Question

$9.2grams$ of $N_2{O}_4\left(g\right)$ is taken in a closed one-litre vessel and heated till the following equilibrium is reached.

$N_2{O}_4\left(g\right)\rightleftharpoons 2{NO}_2\left(g\right)$

At equilibrium, $50$% $N_2{O}_4\left(g\right)$ is dissociated. What is the equilibrium constant? (in mol litre${}^{-1}$)

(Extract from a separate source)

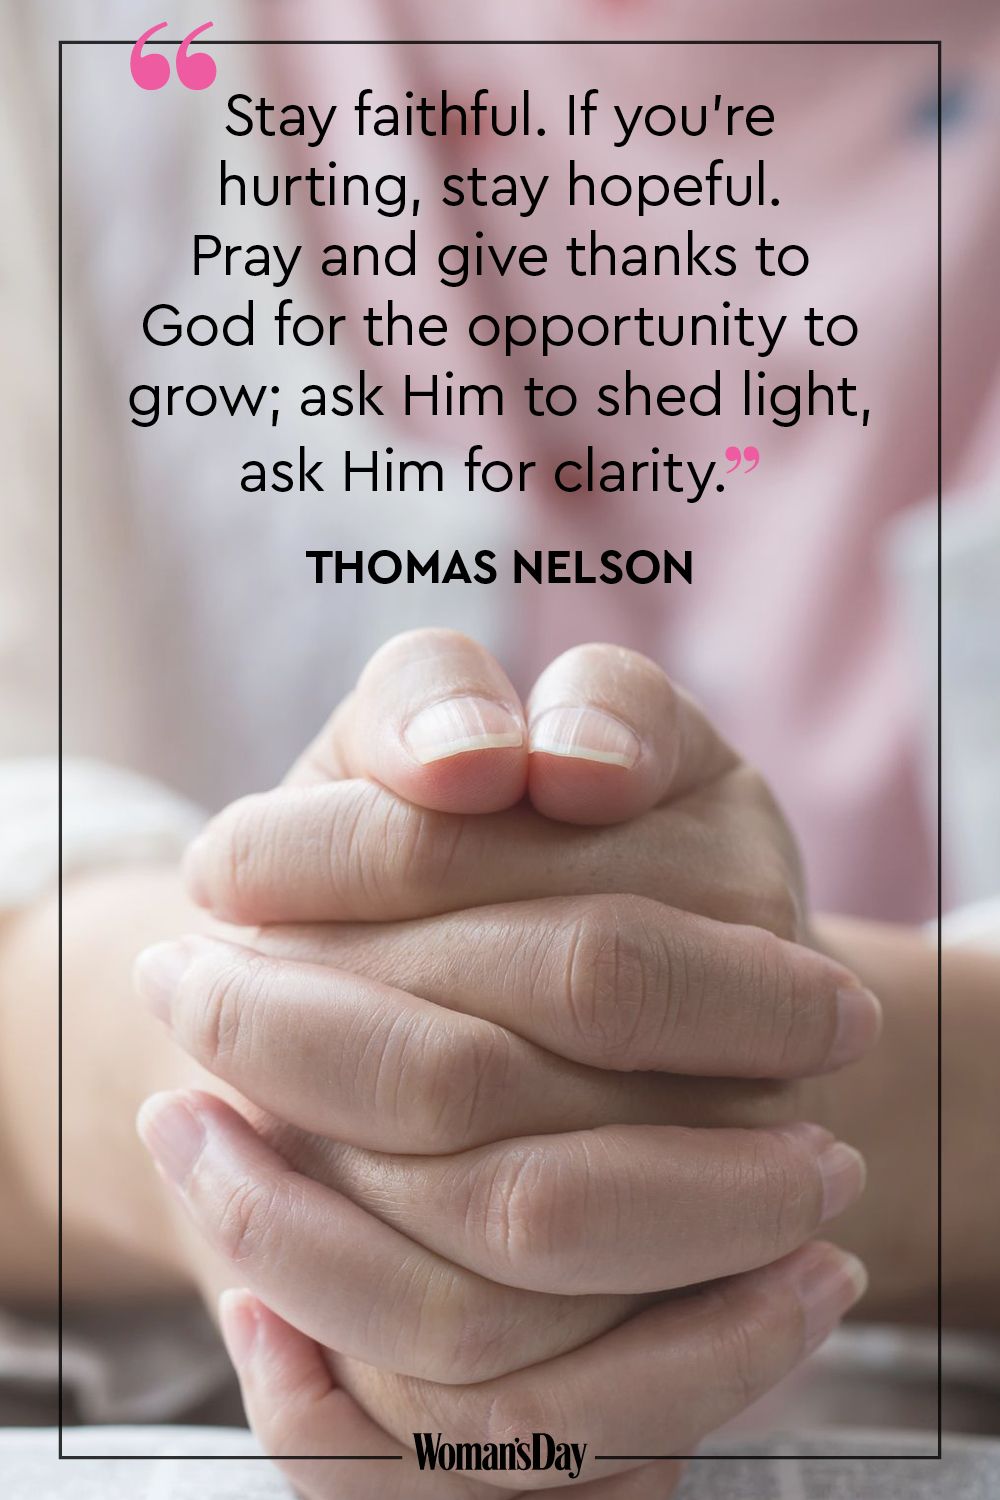 16 Prayer Quotes — Quotes About Prayer

[Molecular weight of $N_2{O}_4=92$]

• A. $0.1$
• B. $0.4$
• C. $0.2$
• D. $2$

Answer 1

The correct option is C $0.2$

Given

Mass of $N_2{O}_4$ = 9.2g

Solution

$N_{2}O4\left(g\right)=2N{O}_2\left(g\right)$

Initial moles of $N_2{O}_4$ are $\frac{9.2}{92}$ =0.1 moles

50% get dissociated at equilibrium

Therefore At equilibrium, Moles of $N_2{O}_4$ dissociated are 0.05mole

In reaction, every Mole of $N_2{O}_4$ give 2 moles of $N{O}_2$.

Therefore At equilibrium no. of moles of $N{O}_2$ formed = 0.05* 2

$Kc=\frac{[N{O}_2{]}^2}{N_2{O}_4}$

$Kc=\frac{(0.10{)}^2}{0.05}$

Kc=0.2 mol/L

The correct option is C